Gegen 3:00 Uhr ist alles im abgedreht im Kasten. Das Team beglückwünscht und verabschiedet sich. Wir entschwinden mit unserem Zwangsohrwurm in die Nacht. Der Geist der Weihnacht legt sich für fünf Monate schlafen.
Am Folgemorgen schäle ich mich müde mit Muskelkater in den Waden aus dem Bett. War der Drehwahnsinn real oder nur ein wilder Traum? Beamen wir uns mal in die wahrhaftige Vorweihnachtszeit und werfen einen Blick in das mittlerweile veröffentlichte Musikvideo. Für den Bruchteil einer Sekunde glaube ich, eine ausgesprochen attraktive Trompeterin mit Wellenfrisur und gequältem „Nehmt-mir-endlich-diese-Waffen-an-Schuhen ab-Blick“ entdeckt zu haben. Mein Name hingegen taucht im Abspann nicht unter den Darstellern auf. Was in dieser ominösen Nacht wirklich geschehen ist, bleibt das Geheimnis der Weihnacht…
Mittlerweile besuchte ich im Advent wieder die besagte – diesmal ganz ohne Watte und Schaum – verschneite Marktgemeinde und erlebte wahrlich wunderliche Dinge in einem Postamt, das keines sein wollte. Aber dazu mehr – Achtung: Cliffhanger – in einem Jahr…
Im Namen des Klassik-begeistert-Teams wünsche ich allen eine ruhige, besinnliche oder je nach Gusto auch wilde Weihnachtszeit.
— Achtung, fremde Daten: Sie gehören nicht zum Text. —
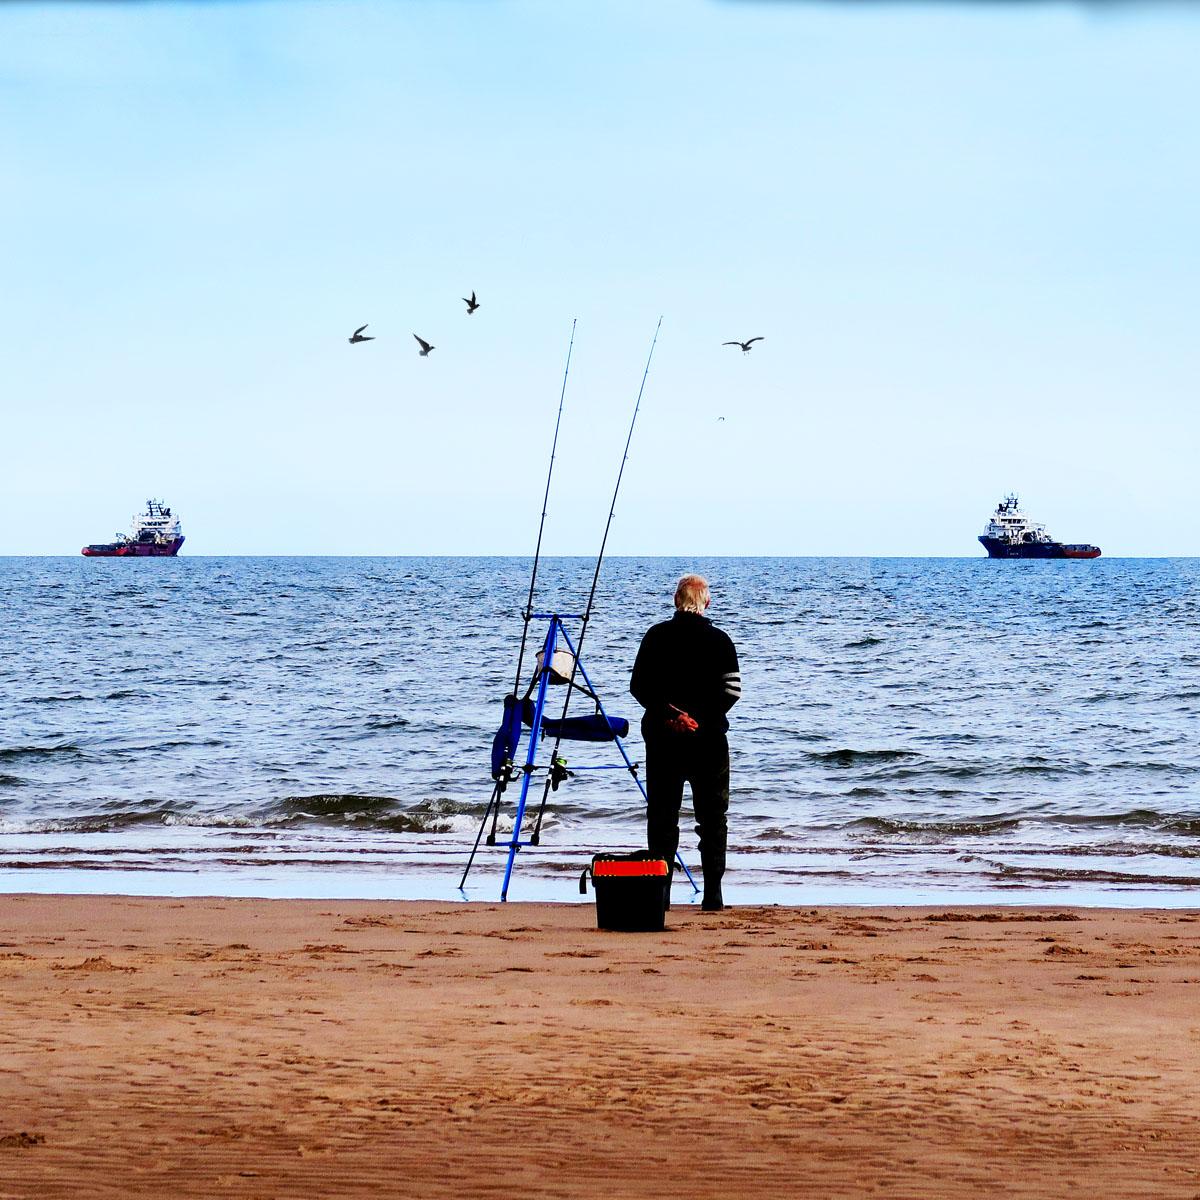 Thefisherman-04

Petra Spelzhaus, 24. Dezember 2022, für
klassik-begeistert.de und klassik-begeistert.at
Spontan sprang Dr. Petra Spelzhaus, Jahrgang 1972 und wohnhaft in München, bei der Jazzahead 2019 für eine erkrankte Kollegin ein und berichtete vom Partnerland Norwegen für klassik-begeistert.de. Ehe sie sich versah, war sie Autorin. Sie qualifizierte sich schon früh für die Musiksparte, kannte sie doch bereits alle Komponisten ihres Quartett-Kartenspiels auswendig, noch bevor sie richtig sprechen konnte. Schweißtreibende Jahre folgten beim Versuch diverse Instrumente spielen zu lernen. Als Jugendliche traf sie ihre große Liebe, die Trompete. Nach zunächst klassisch geprägter Ausbildung stieß sie auf Jazz- und Weltmusik. Es fiel ihr wie Schuppen von den Ohren: „Ich will musikalisch frei sein und improvisieren.“ Namhafte Professoren unterstützen sie bei dem nahezu unmöglichen Unterfangen. Getreu ihrem Motto „Life is Jazz“ möchte die ganzheitlich tätige Ärztin Auge und Ohr auf Klassik-begeistert für die Jazzmusik öffnen. In der Kolumne „Dr. Spelzhaus Spezial“ informiert sie from time to time über Medizin und Musik.